The New York ballet company Cedar Lake was founded ten years ago, specialising in new work commissioned from world renowned choreographers as well as reviving modern classics.

For their Scottish debut, Edinburgh audiences were treated to a glorious triple bill to show off their exquisite talent.

"Indigo Rose" was first created by Jiri Kylian in 1998 for the young dancers of NDT 2. This is seriously complex choreography set to a soundtrack from Robert Ashley, Couperin, Mozart and Cage.

Starting slowly, three men in turn bound onto the stage, jumping and high kicking in perfect unison. Three girls join in with energetic freedom until the musical tempo slows down into a courtly dance.

A huge silk curtain is unfurled across the stage. With clever lighting we observe the dancers’ silhouettes through the billowing sail.

The final section is on film - sombre portraits of bare breasted women exploring the sense of touch and facial gesture. Meanwhile the dancers on stage stand like statues, watching the screen.

Canadian choreographer Crystal Pite was commissioned to create "Ten Duets on a Theme of Rescue" for Cedar Lake in 2008. The haunting music from the film Solaris by Cliff Martinez sets the dramatic tone.

A dark, menacing mood is immediately felt as a back stage row of city street lamps create a shadowy glow. A sequence of intimate duets show couples in various modes of brief encounter - threatening combat, entrapment and dangerous, seductive embrace.

A beautifully filmic scene shows a man desperately trying to run and reach out to a woman leading the way. This richly emotional dance-drama is performed with such cool control, the vision lingering in my mind days later.
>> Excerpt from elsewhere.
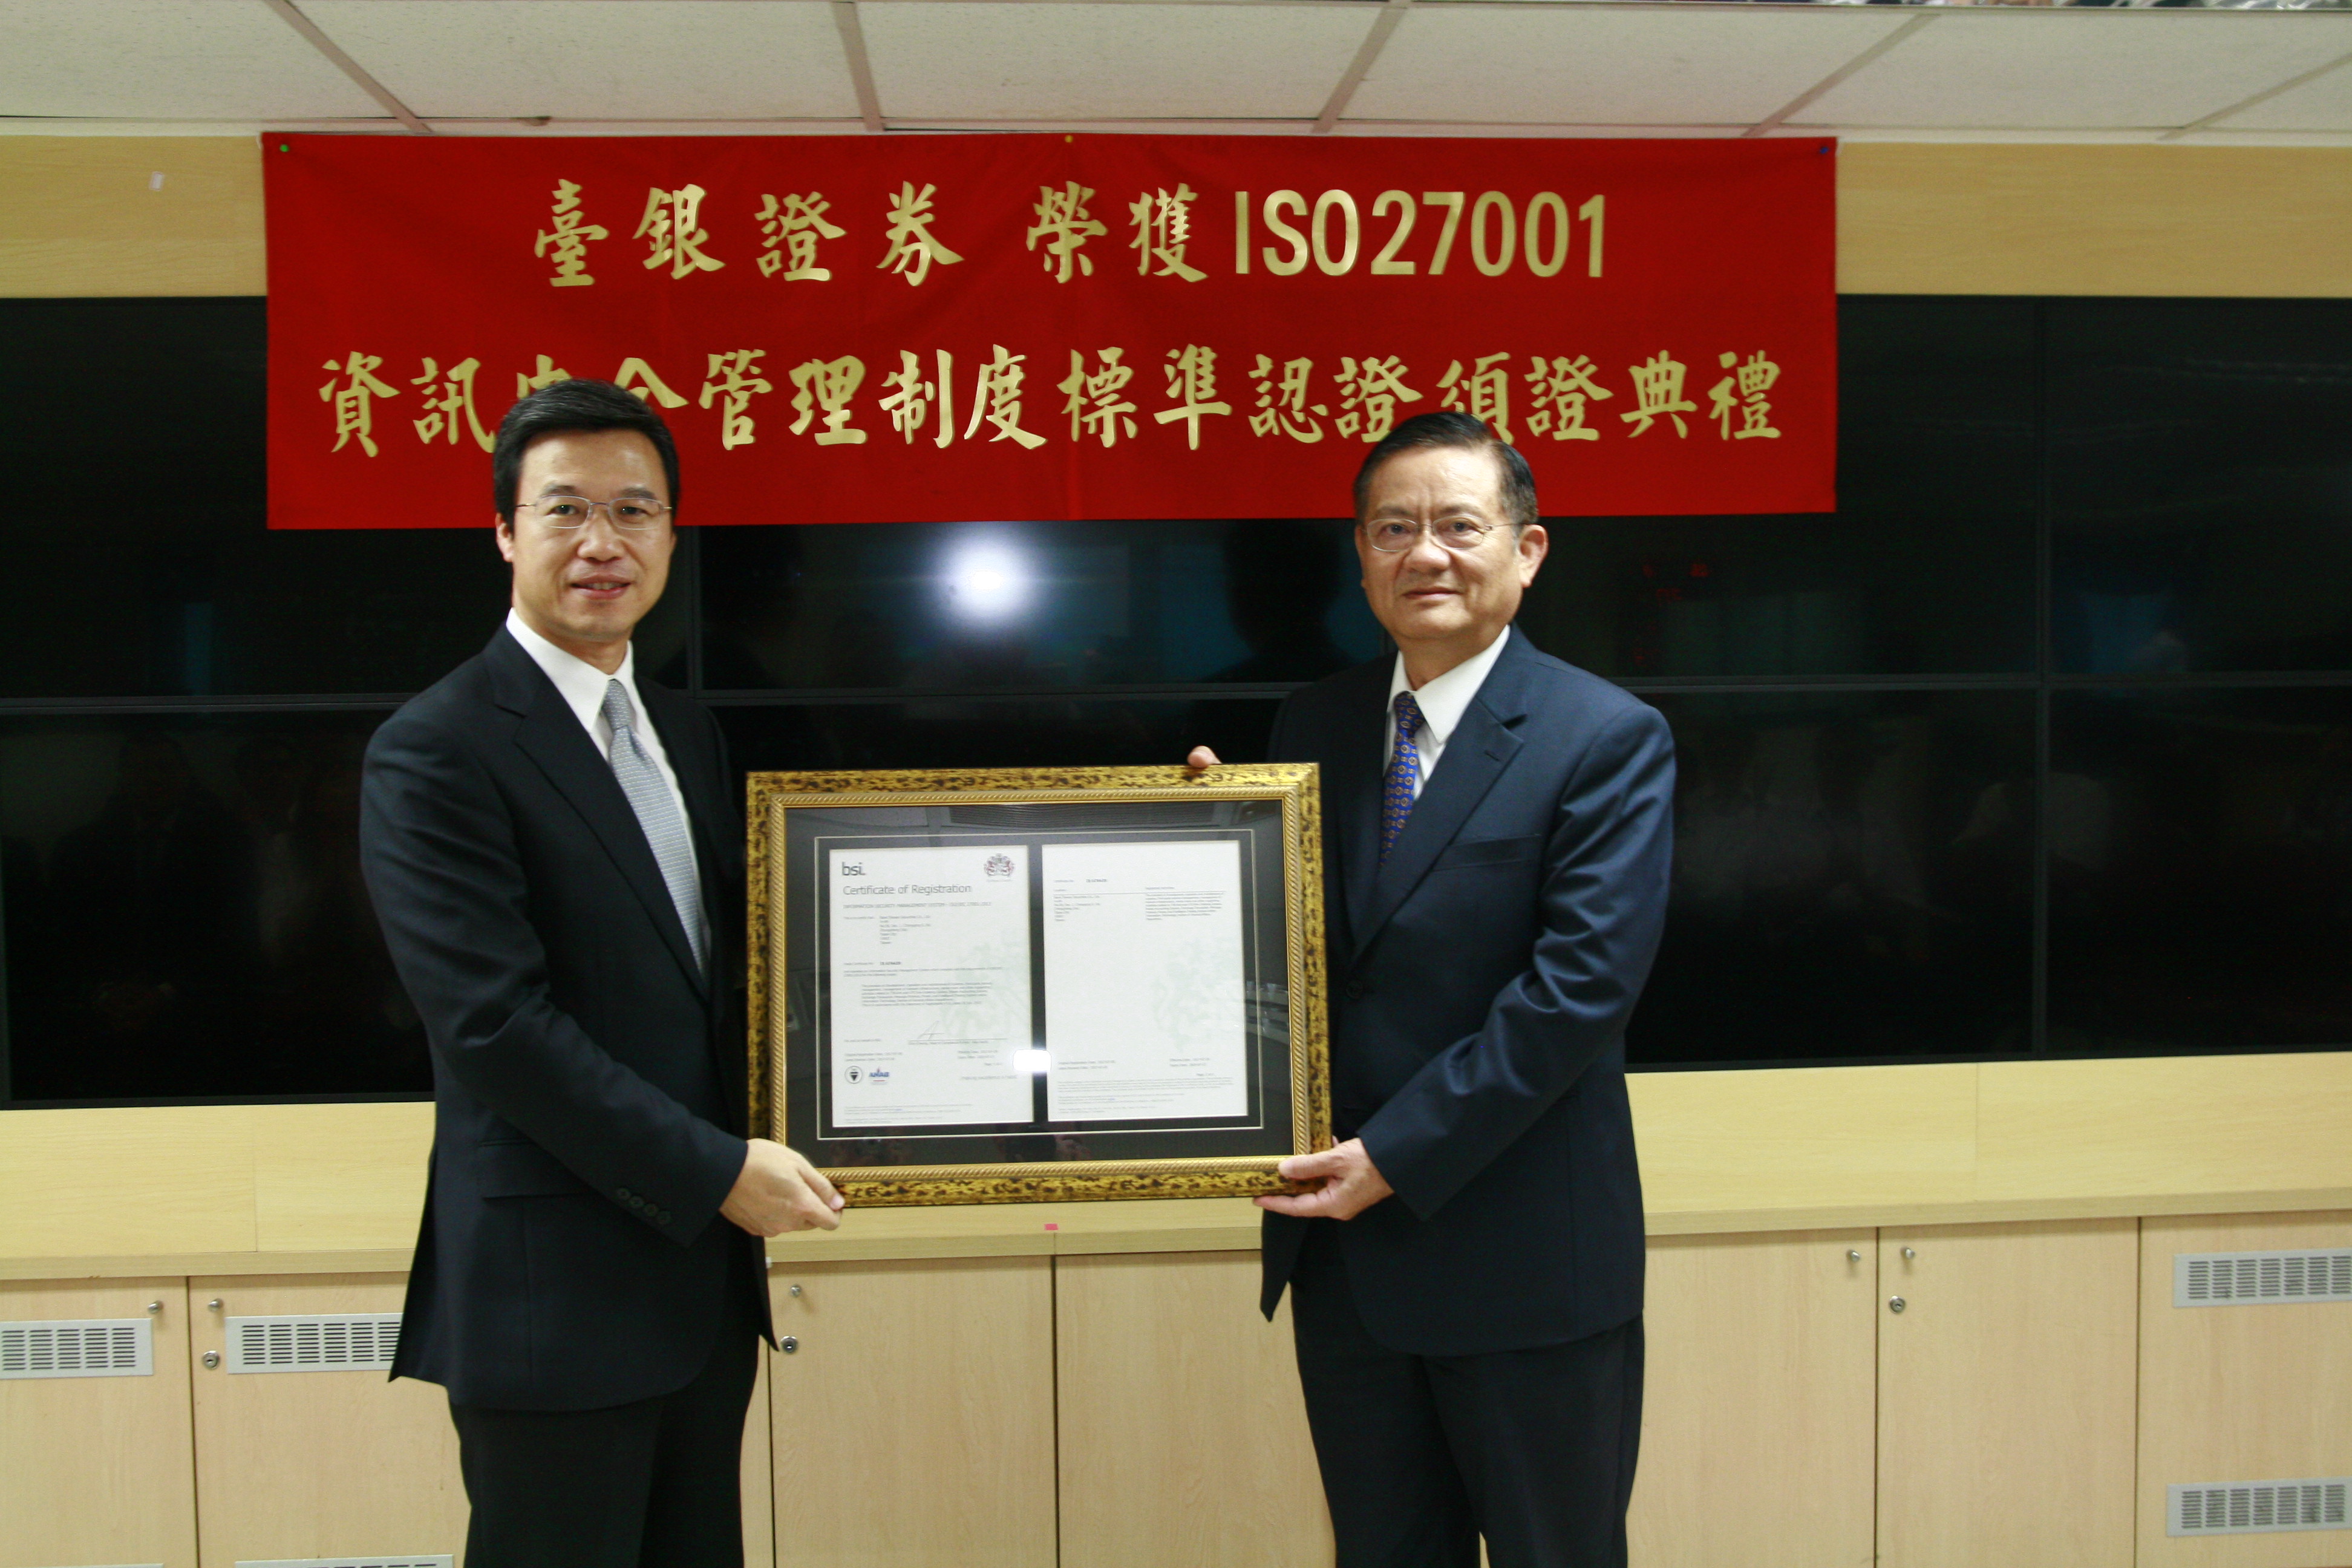 臺銀證券總經理江士田(右)，接受ISO27001驗證單位英國標準協會(簡稱「BSI」)台灣分公司總經理蒲樹盛(左)頒發證書之照片

"Necessity, Again" can scarcely be described as contemporary ballet at all. Norwegian choreographer Jo Stromgren is also a theatre director who specialises in Ibsen as well as devising non-verbal productions combining live music, film and puppetry.
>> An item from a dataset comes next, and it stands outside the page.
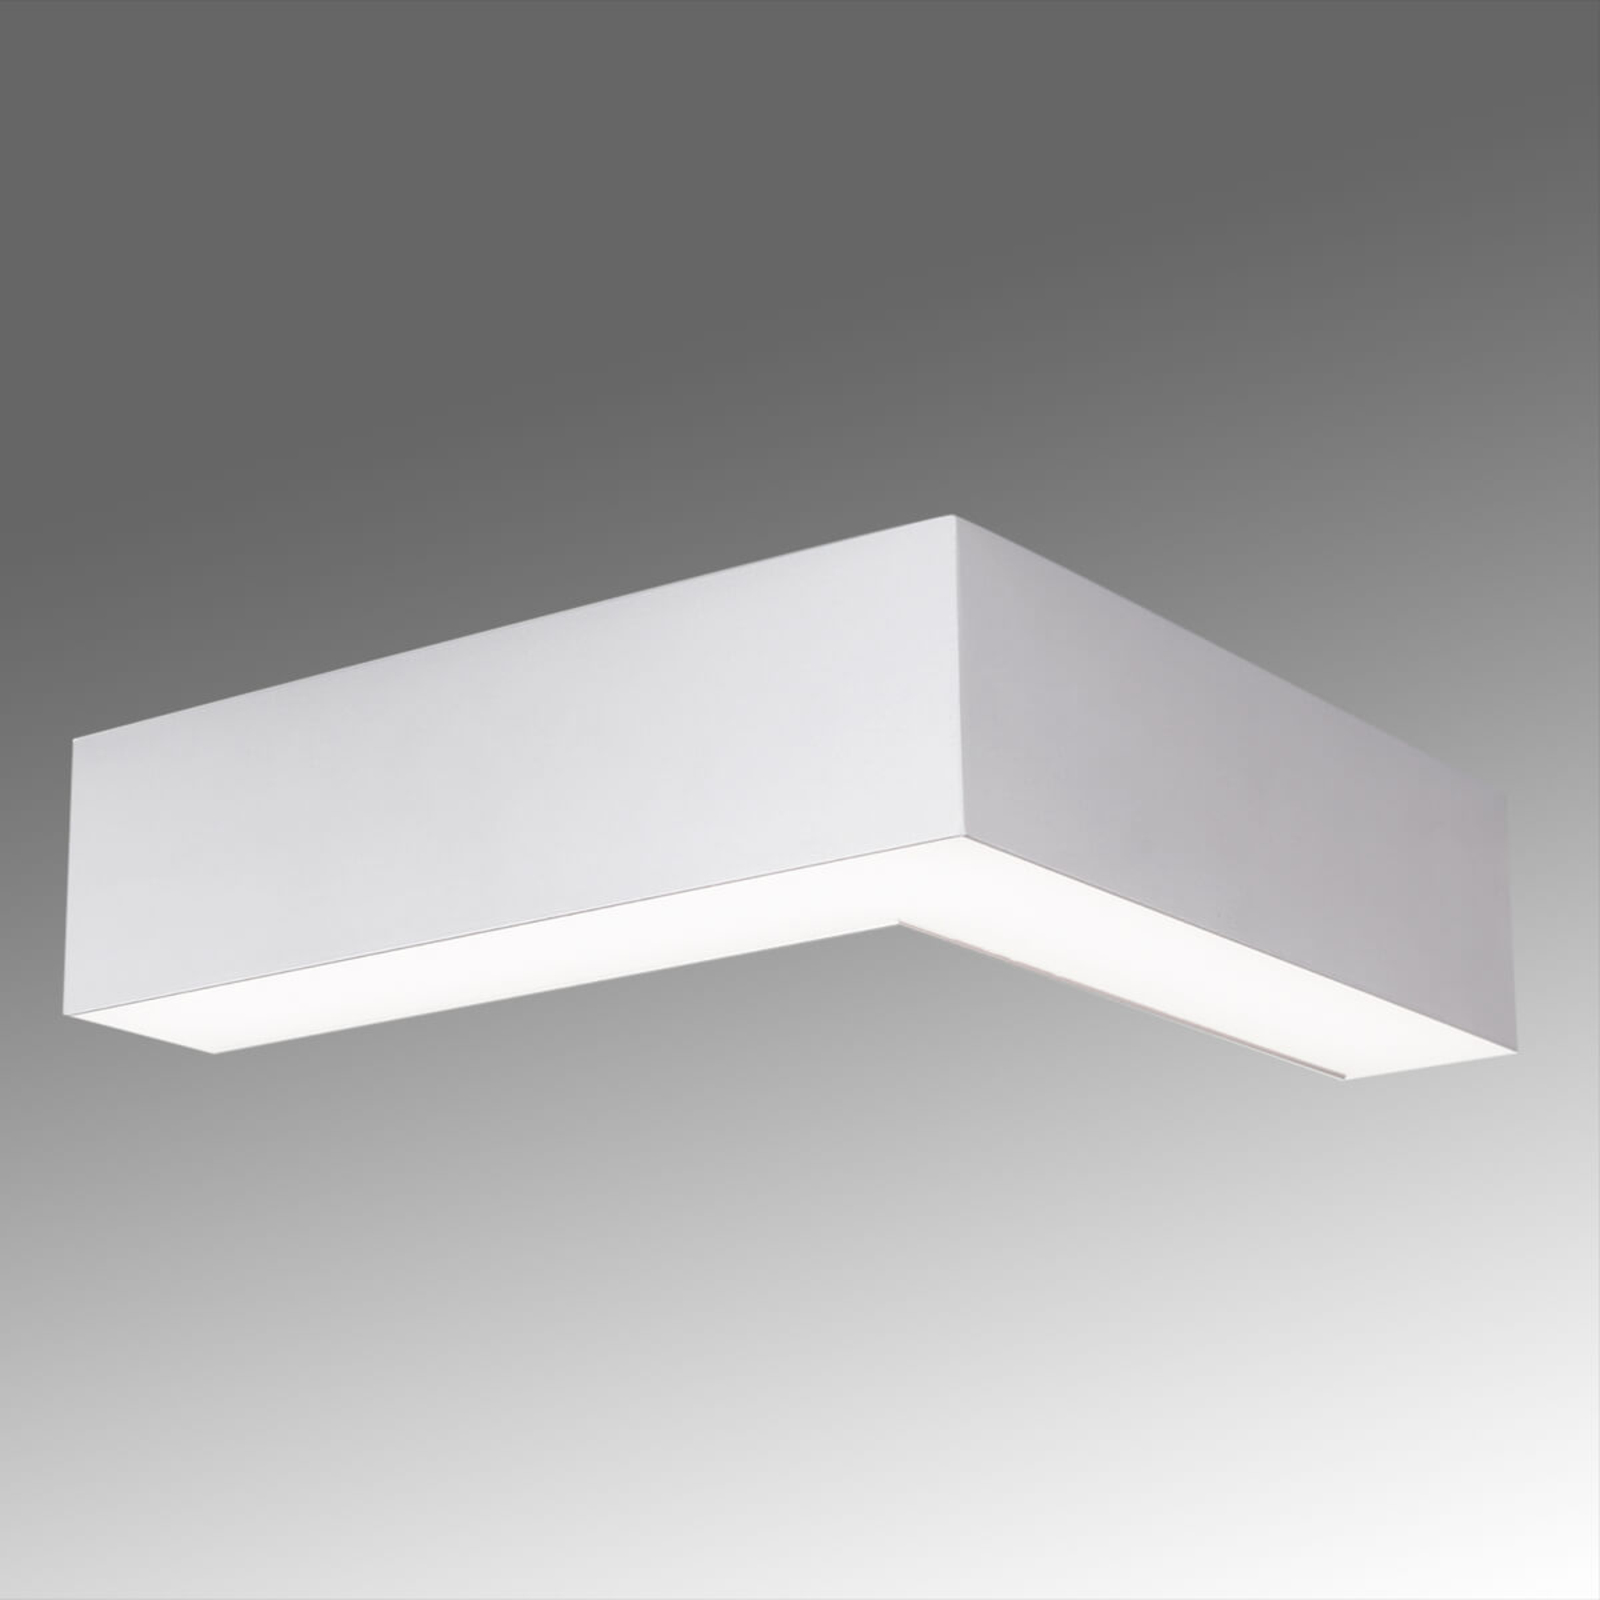 LED ceiling light Sando, suspension kit 30x30 cm

The inspiration for this new piece is academic texts by philosopher Jacques Derrida who studied the deconstruction of language:

“I believe in the value of the book which keeps something irreplaceable .. What cannot be said above all must not be silenced but written.”

The ensemble march on to the stage dragging “washing lines” on which are hung pieces of paper. The 1960s period setting is captured through costumes and Charles Aznavour songs, interspersed with quotations by Derrida.

As Stromgren explains:

“I wanted a contrast between something extremely dry and intellectual with something very emotional. There is nothing to understand; relax, and let your imagination roam.”
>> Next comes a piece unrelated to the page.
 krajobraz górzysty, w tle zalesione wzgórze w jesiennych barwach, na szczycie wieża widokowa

So what evolves is a crazy, dreamlike cabaret of music, dance, words and hundreds of pieces of paper thrown up in the air until it completely covers the stage. With no narrative, this is about the space between words, the absence of language.

These three totally diverse, stylistic works individually push the boundaries of modern dance to the limit. With a blend of balletic grace, bold athleticism and dramatic expression, these dancers create pure poetry in motion.

The Edinburgh International Festival should invite Cedar Lake back soon.